_SUPPLIED MATERIAL_.
=== Begin Enclosure ===

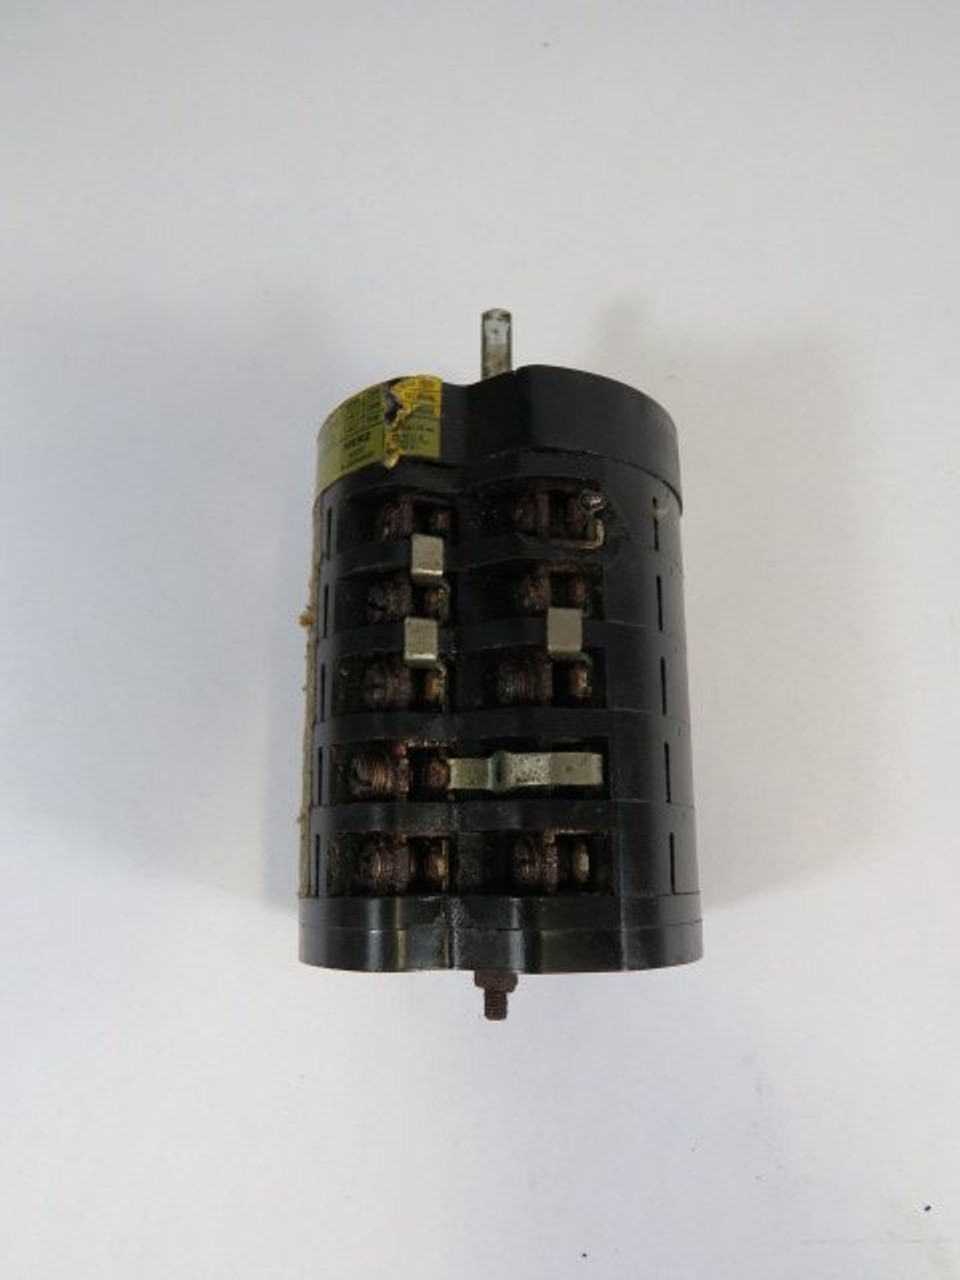 Merz TYP-656 Rotary Switch Control USED
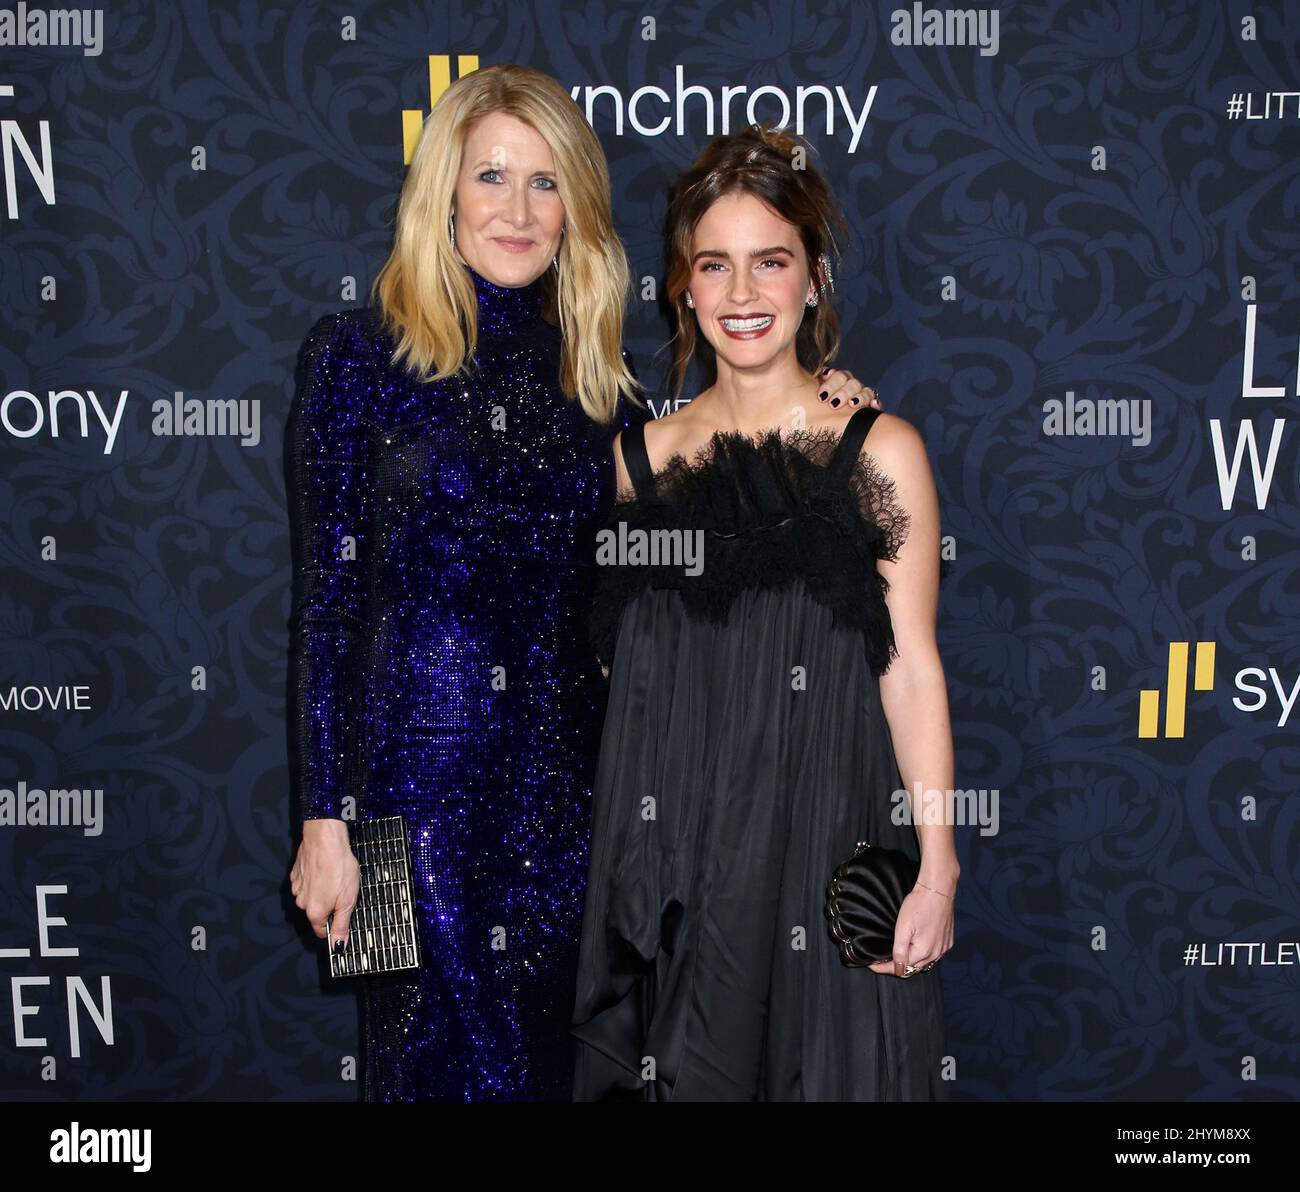 Laura Dern & Emma Watson attending the premiere of Little Women in New York Stock Photo
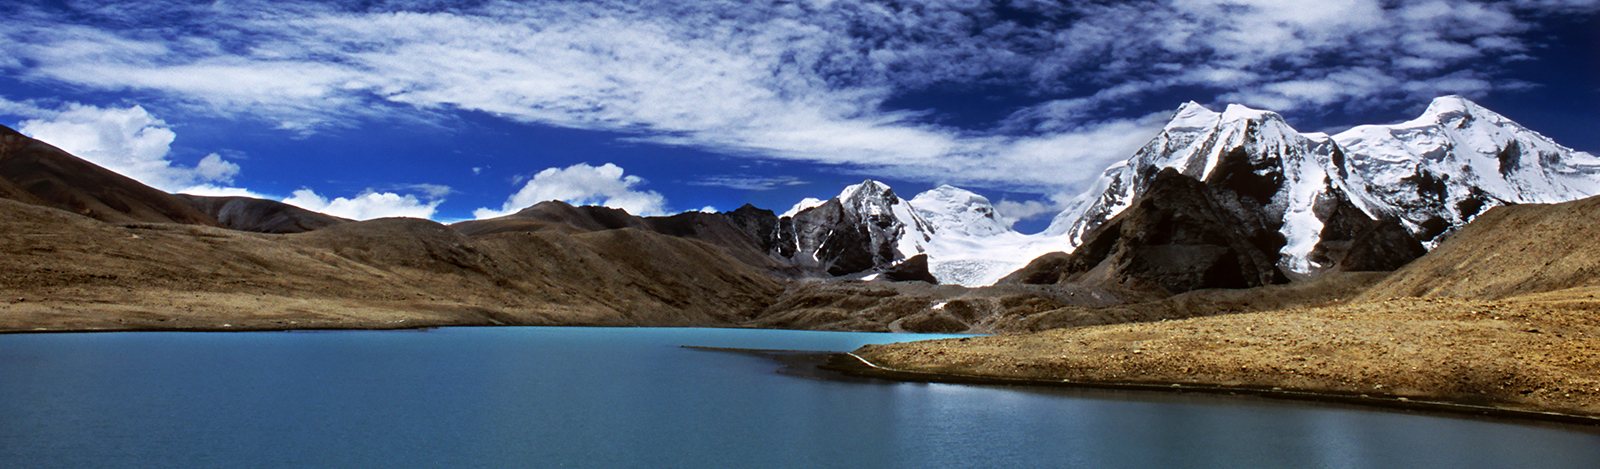 Himalayan Tour of India
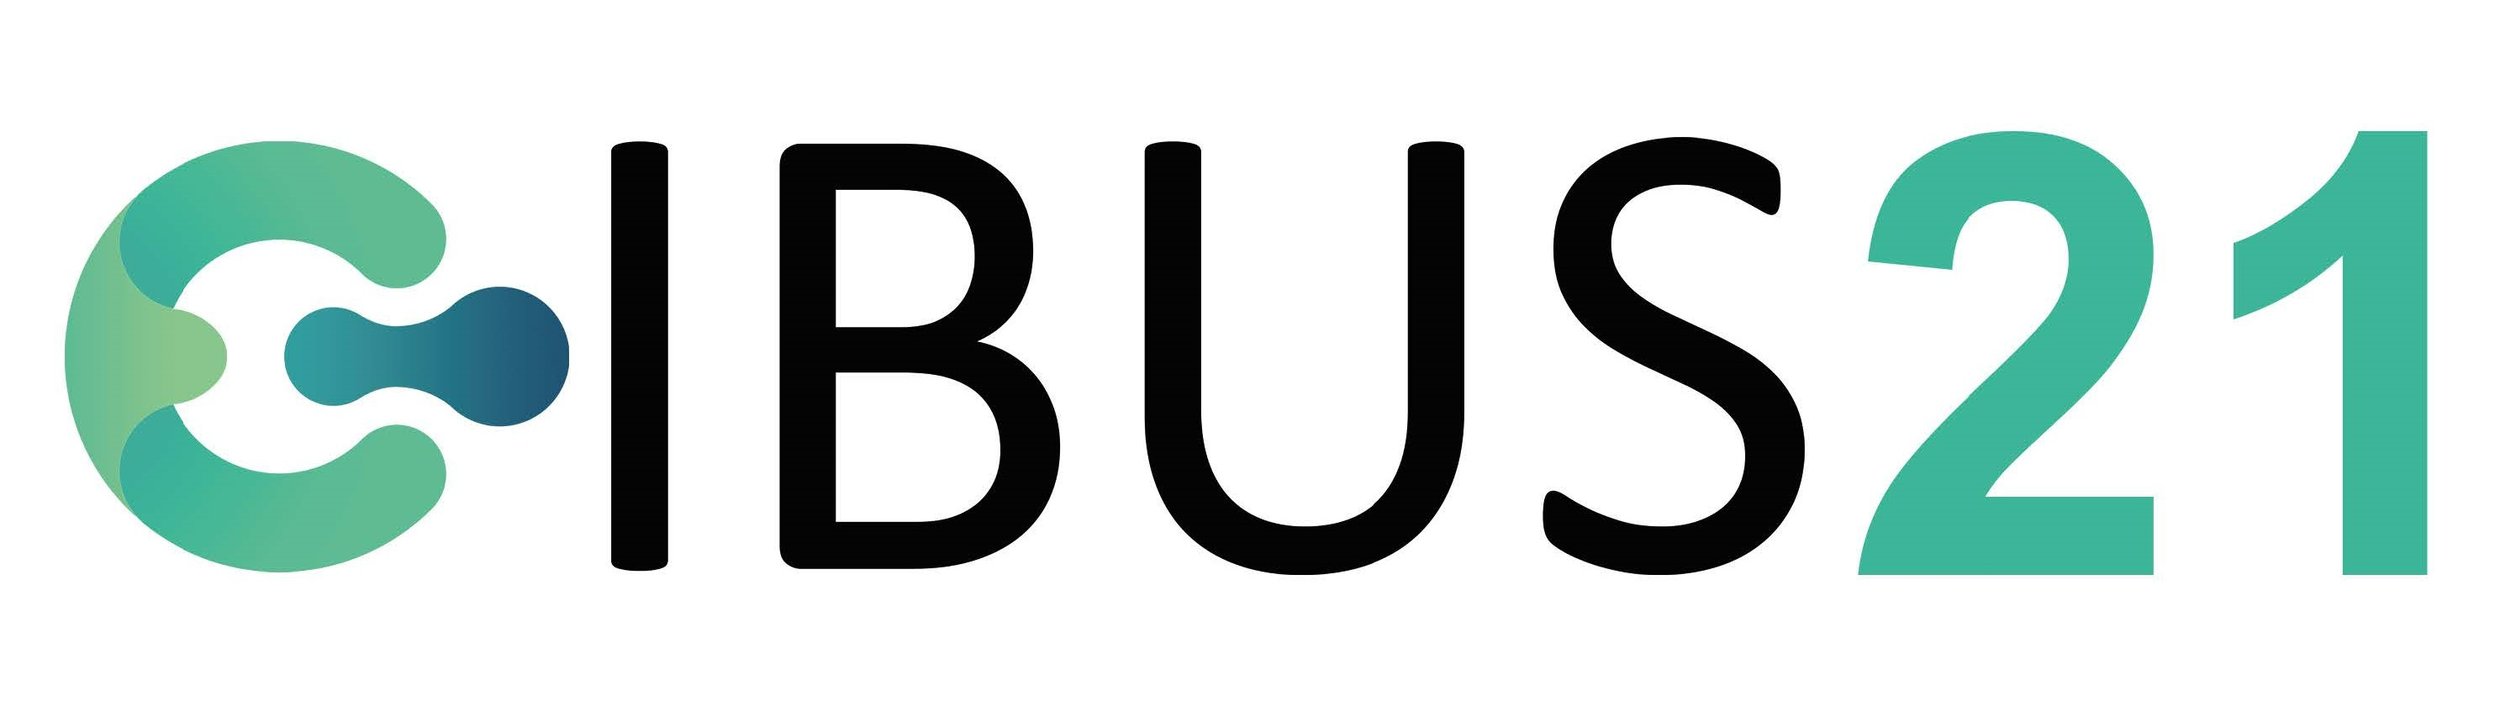 CiBUS logo 1.1.jpg

=== End Enclosure ===

_WHAT IS BEING ASKED_.
In your copy, include no pictures; print every line above exactly.

_TASK OUTPUT_.
 Merz TYP-656 Rotary Switch Control USED
 Laura Dern & Emma Watson attending the premiere of Little Women in New York Stock Photo
 Himalayan Tour of India
 CiBUS logo 1.1.jpg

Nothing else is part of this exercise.